The national score slipped 0.1% in Q2 2025 to 76.9 out of 100 — the same level seen in 2013 — marking the third consecutive quarterly decline.

Despite rising corporate profits, the report finds that consumer sentiment in the U.S. is steadily deteriorating.

Net profit margins have risen by 3–4% over the past decade to roughly 11% earlier this year. Over the same period, consumer prices have grown faster than producer prices, and company profits have outpaced GDP growth.

ACSI researchers warn that growing seller pricing power is eroding customer value. In healthy competitive markets, higher profits usually result from greater customer satisfaction.

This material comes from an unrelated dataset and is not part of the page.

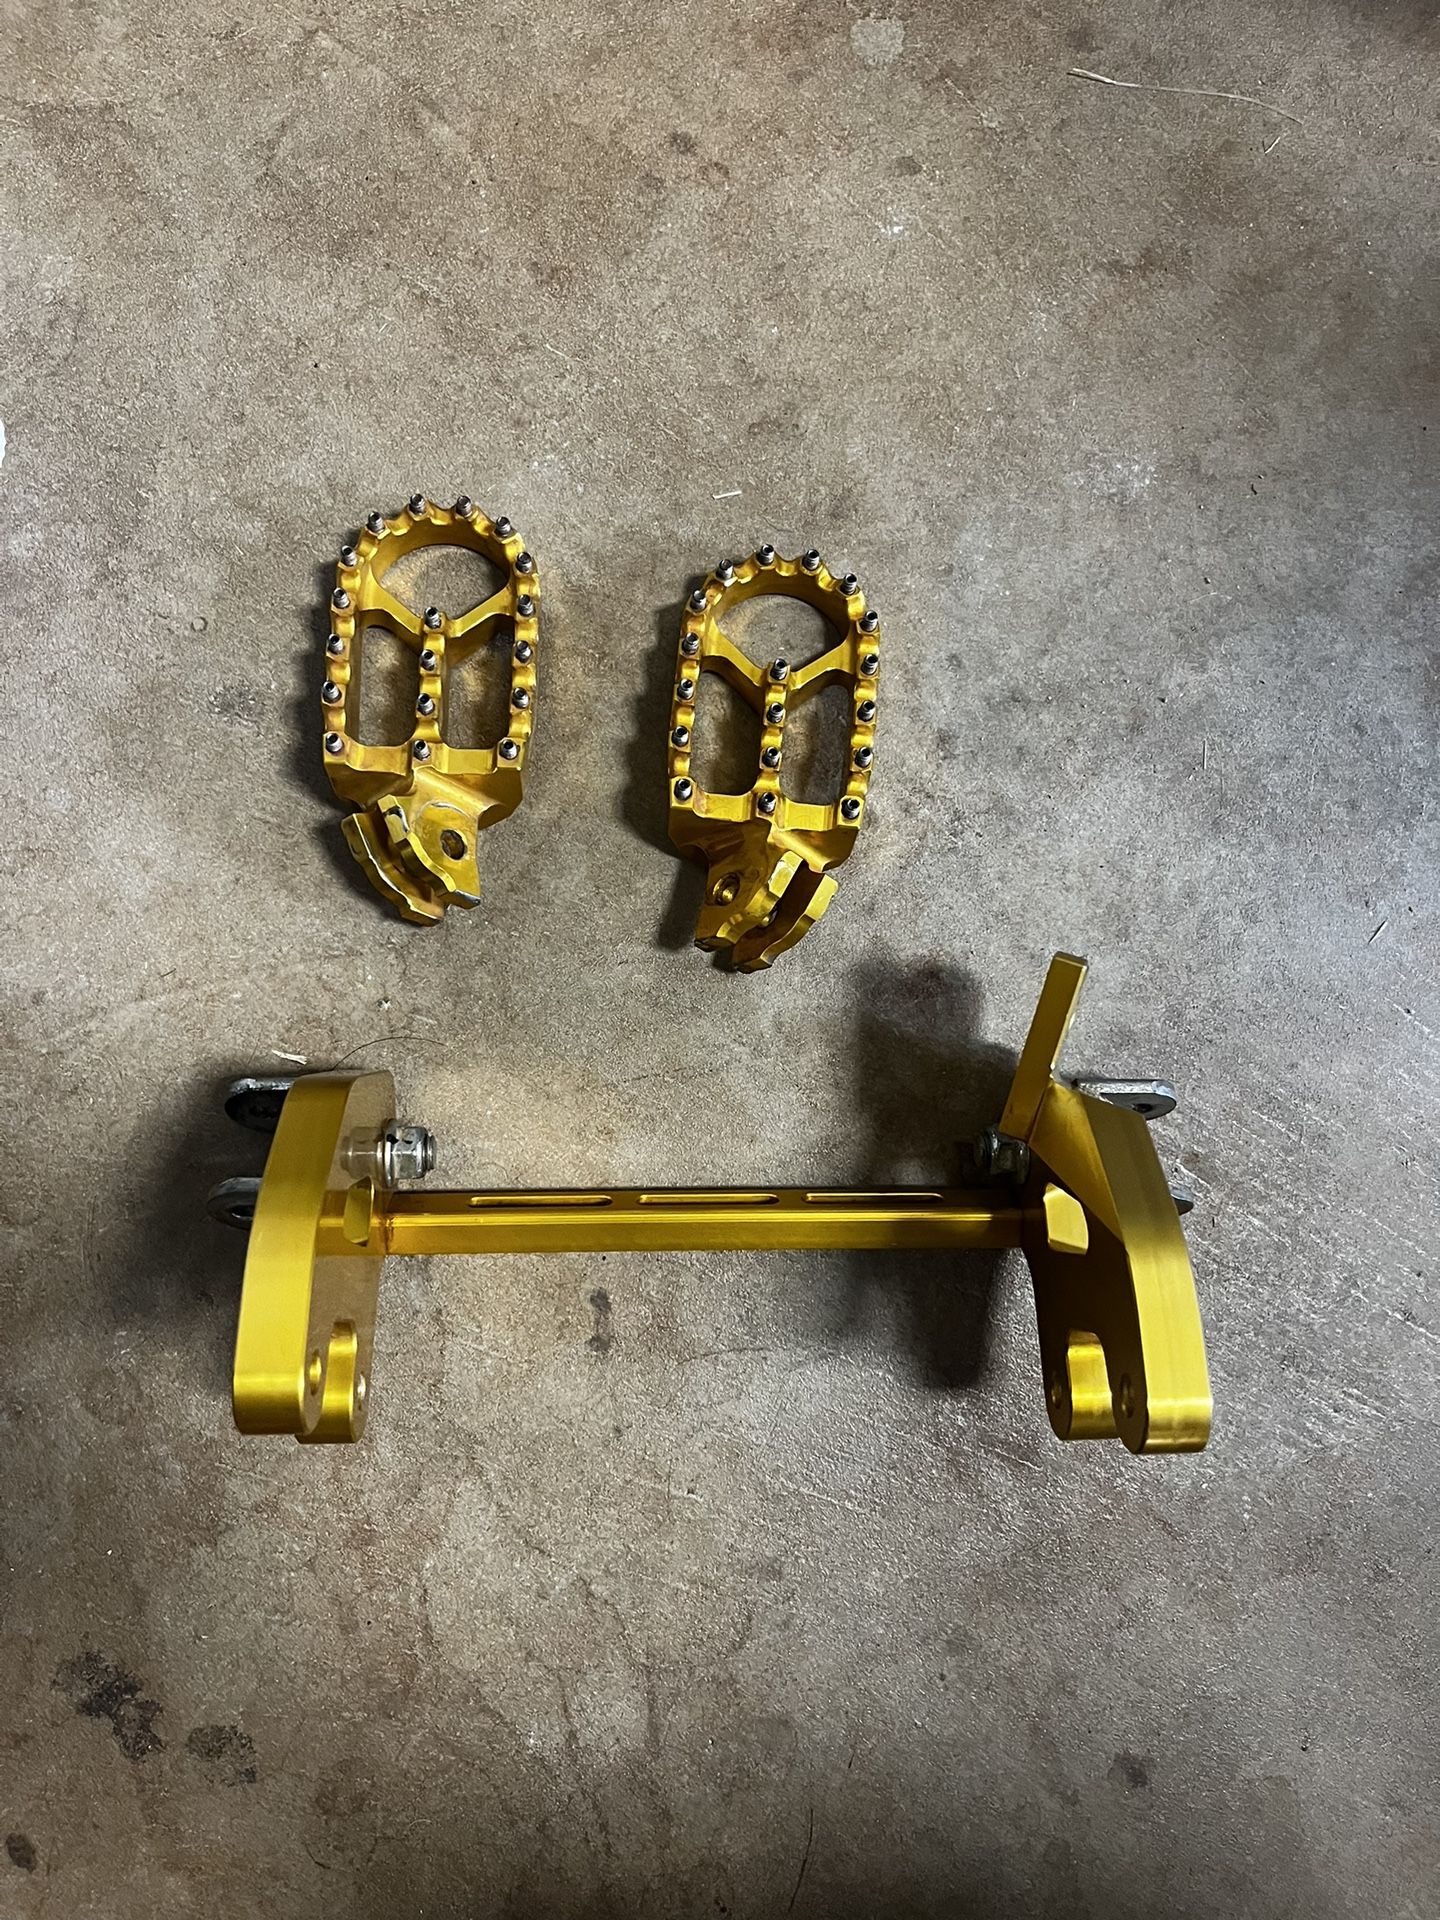 Gold Upgraded Peg Brace And Pegs 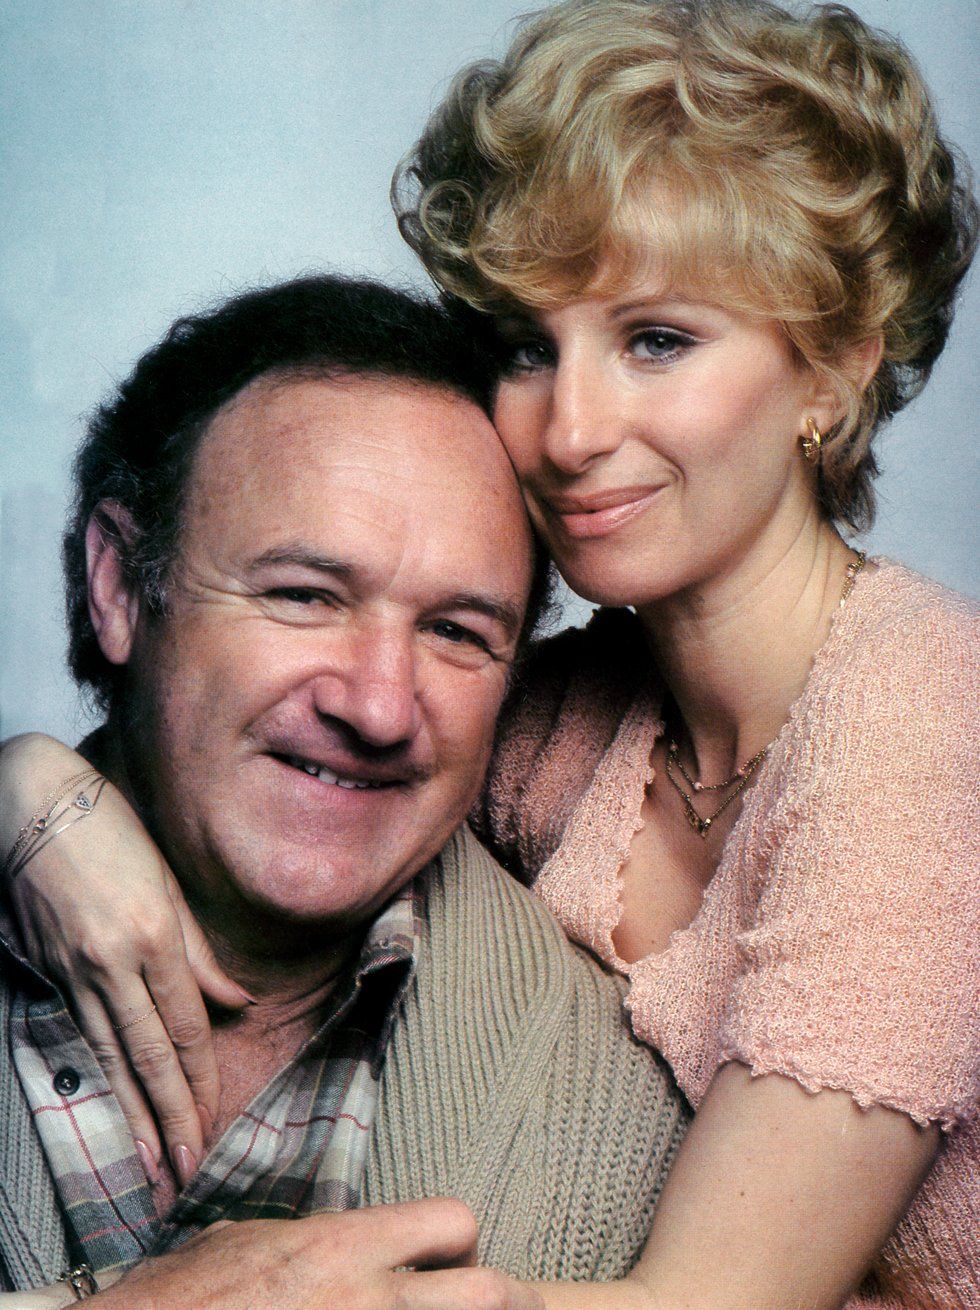 Gene Hackman and Barbra Streisand pose together in costume.

But when customers face limited alternatives or high switching costs, businesses can raise prices without improving service or product quality, a dynamic now taking hold in multiple sectors.

The index serves as a complement to GDP, measuring the quality of goods and services relative to their price from the consumer’s perspective. Ideally, both GDP and customer satisfaction should trend upward over the medium and long term. Instead, household spending, which accounts for about 70% of GDP, rose in Q2 despite weaker satisfaction in Q1, largely because of increased household incomes and strong pricing power among sellers.

Economists caution that sustained declines in satisfaction could carry long-term risks, such as reduced innovation, lower productivity, and shrinking consumer surplus. While income growth can temporarily mask dissatisfaction, the report stresses that long-term economic health depends on competitive markets where companies earn profits by meeting customer needs.

Earlier this year, ACSI reported similar declines in satisfaction within the telecom and tech sectors. The findings suggest that new capabilities are failing to offset frustrations over fundamentals such as battery life, performance, and service reliability, areas consumers still rank as higher priorities than add-on features.